Минуты две спустя, отец с доктором подсели к ломберному столу и углубились в партию пикета, а я с бароном Тиллингом заняли место у камина.
„Снотворная история — этот обед“, — мелькнуло у меня в голове. — „О, напротив, ни один вечер не доставил мне столько удовольствия!“ И я прибавила вслух:
— Собственно, мне следовало бы попенять вам, барон Тиллинг: почему это вы после первого визита позабыли дорогу в мой дом?
— Вы сами не приглашали меня бывать.
— Но ведь я сказала же вам, что по субботам…
— Как же, помню: между двумя и четырьмя… Не трудитесь повторять, графиня. Откровенно сознаюсь, что для меня ничего нет ужаснее этих прииемных дней. Войти в гостиную, наполненную незнакомым обществом, поклониться хозяйке, занять крайнее место возле других гостей, чинно спящих полукругом, обменяться замечаньями о погоде, если сосед случайно окажется вашим знакомым, и прибавить тут же что-нибудь от себя; потом, когда хозяйка удостоит вас чести кинуть через комнату какую-нибудь фразу, поспешно ответить ей в надежде завязать более интересный разговор; однако не тут-то было: является новый посетитель, с которым надо раскланяться. Он тоже присоединяется к общей компании и, воображая, что эта тема не была еще затронута, опять заговаривает о погоде; десять минут спустя, являются новые лица — иногда маменька с четырьмя взрослыми дочками; им не хватает стульев; тут вы встаете заодно с несколькими другими кавалерами, откланиваетесь перед хозяйкой и удаляетесь… Нет, графиня, подобное испытание превышает мои и без того слабые способности к светскому обращению.
— Вы, кажется, вообще избегаете общества? Вас нигде не видно… Неужели вы мизантроп?… Но, нет, я беру назад это слово. Из немногого, слышанного от вас, легко вывести заключение, что вы, напротив, любите всех людей.
— Человечество — да, но не всех людей.
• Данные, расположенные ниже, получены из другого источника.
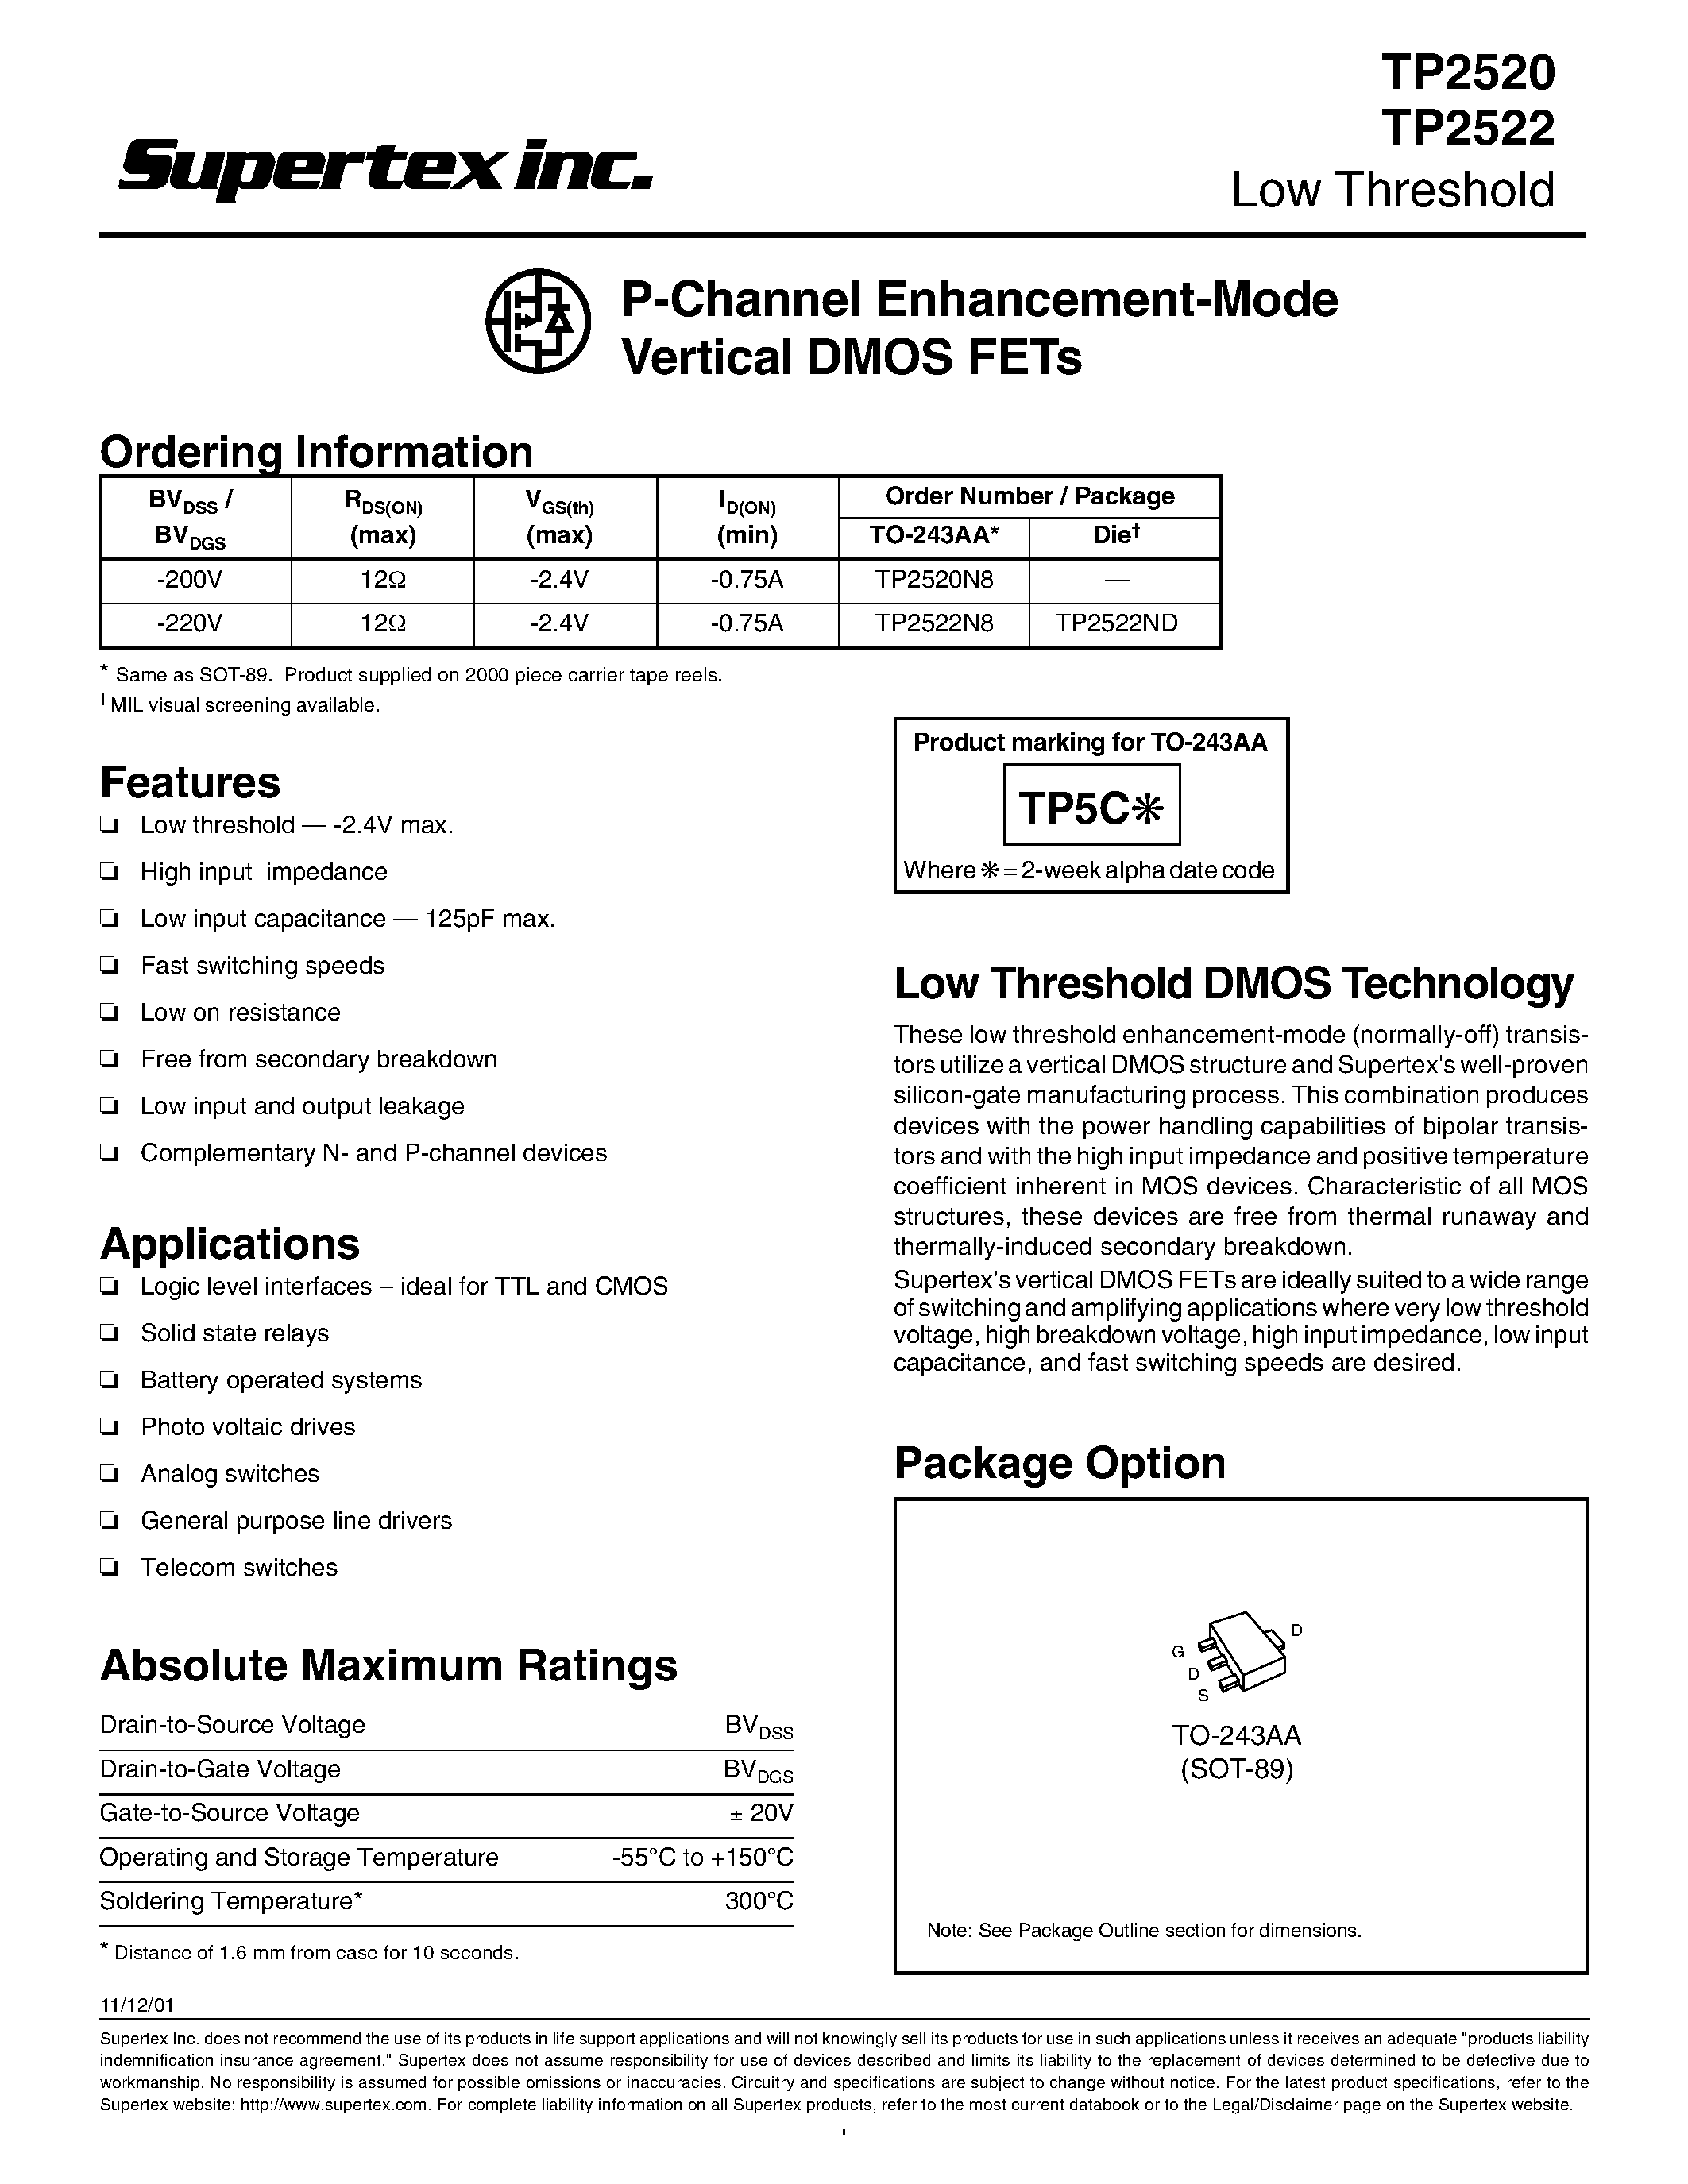 Даташит TP2522 - P-Channel Enhancement-Mode Vertical DMOS FETs страница 1

Между ними столько нестоющих, ограниченных, себялюбивых, хладнокровно-жестоких, а таких я не могу любить, хотя и сожалею, что воспитание и обстоятельства сделали их недостойными любви.
— Воспитание и обстоятельства? Разве, по-вашему, характер не зависит прежде всего от природных свойств?
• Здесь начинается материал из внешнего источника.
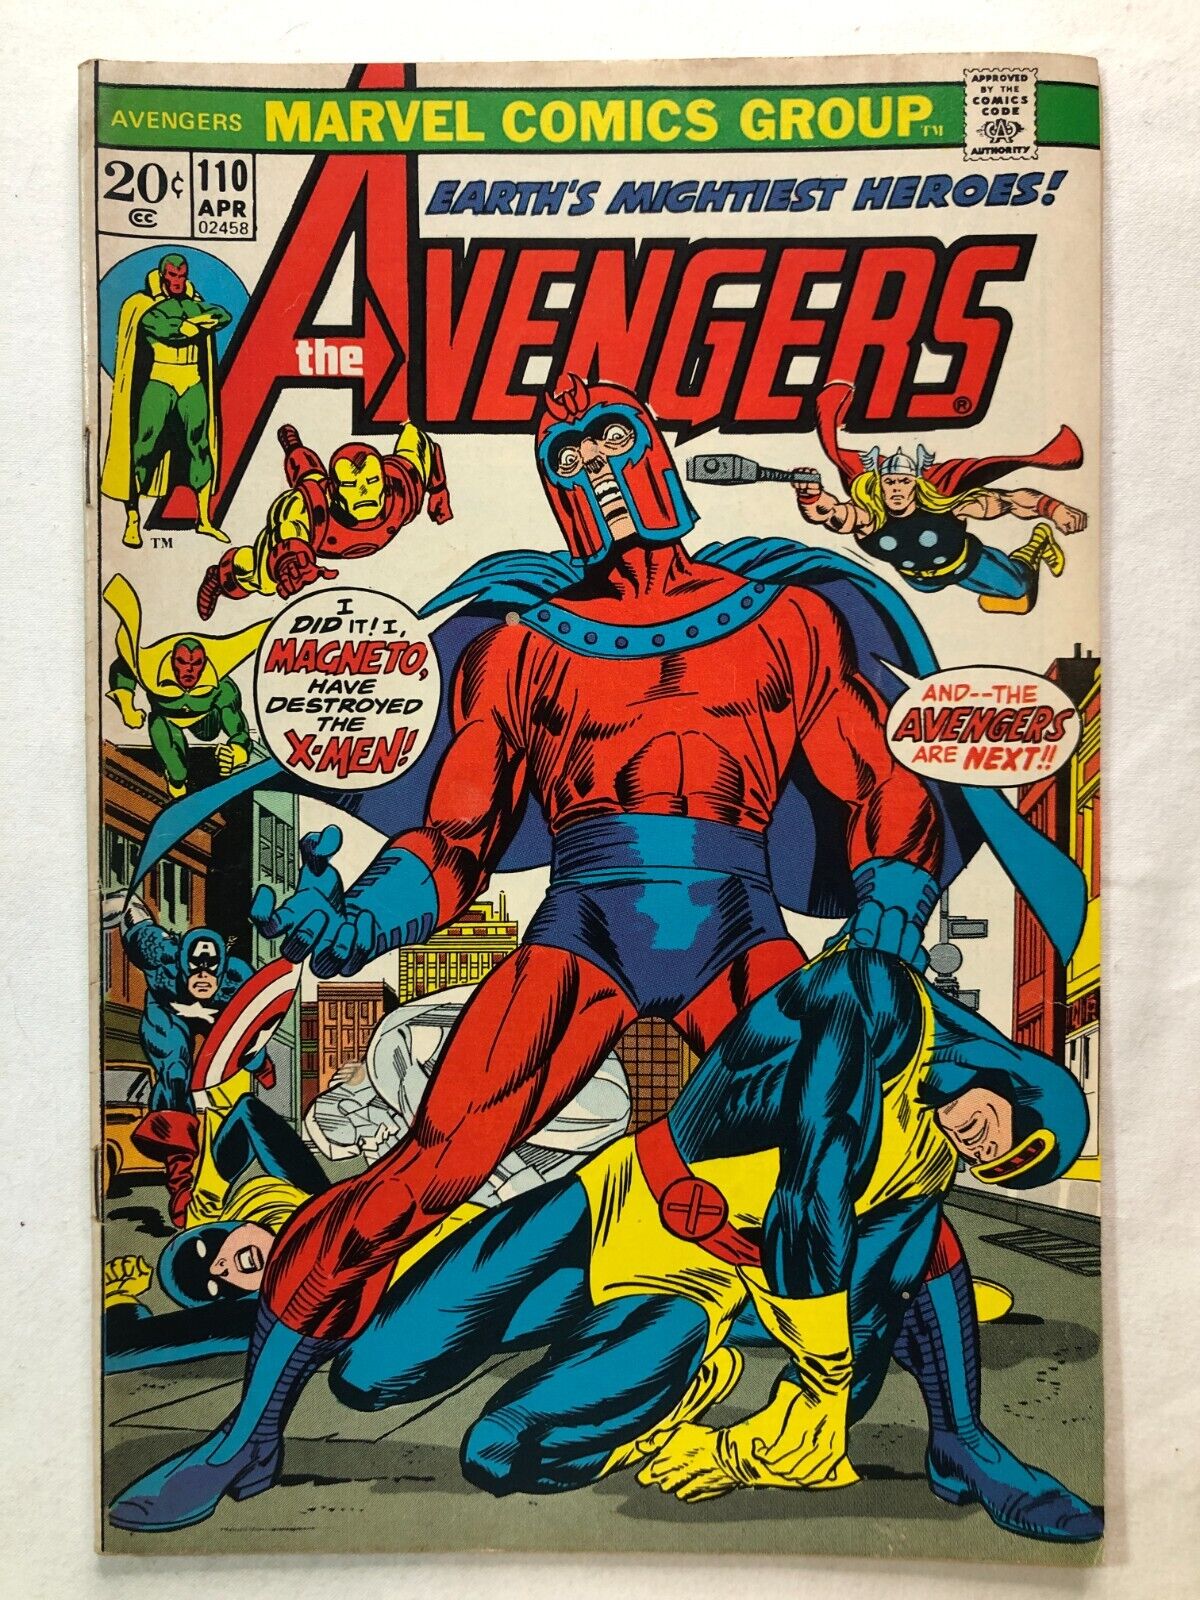 AVENGERS #110 April 1973 X-men & Magneto Vintage Marvel Comics Great Condition

— То, что вы подразумеваете под природными свойствами, — те же обстоятельства, „унаследованные“ обстоятельства.
— Значит, вы полагаете, что дурной человек не виноват в своих дурных свойствах, а потому и не заслуживаешь презрения?
— Нет, сделанный вами вывод неверен. Не ниноват-то он, действительно, не виноват, но презрения заслуживает. Вот вы тоже не виноваты в своей красоте — а однако заслуживаете поклонения.
— Барон Тиллинг! Мы начали говорить с вами, как двое разумных людей, — разве я подала вам вдруг повод переменить со мной тон и третировать меня, как салонную даму, жаждущую комплиментов?
— Простите, я не думал этого. Я только привел первый подвернувшийся мне аргумент.
Наступила небольшая пауза. Взгляд Тиллинга с восхищением, почти с нежностью остановился на мне, и я не опустила перед ним глаз… Я понимала, что мне следовало бы смотреть при этом в сторону, но не отвернулась. Мои щеки пылали; я сознавала, что если он находил меня хорошенькой, то в данную минуту моя красота должна особенно очаровать его. Приятное, немного злое чувство захватывало мне дух, но это продолжалось всего полминуты. Я прикрылась веером, переменила позу и вымолвила равнодушным тоном:
— Вы отлично ответили давеча министру.
Тиллинг тряхнул головою, как будто очнувшись от сна.
— Я?… Давеча?… Право, не помню. Напротив, кажется, я возбудил всеобщее неудовольствие своим замечанием об этом Шпрингауфе, Гопфауфе, или как там звали храброго тирольского стрелка?
— Гупфауф.
— Вы были единственной, кому пришлись по сердцу мои слова. Но превосходительные старцы наверно оскорбились ими и нашли, что они неприличны в устах солидного подполковника австрийской службы. „Жестокое сердце“! Отозваться так о человеке, уложившем чуть не сотню врагов, — да это чистое богохульство! Ведь известно, что солдаты чем хладнокровнее убивают неприятеля, тем они добродушнее в товарищеской компании. Недаром в мелодраматическом репертуаре нет более умилительной фигуры, как поседевший в боях, мягкосердый воин; такой ветеран на деревяшке неспособен обидеть и мухи.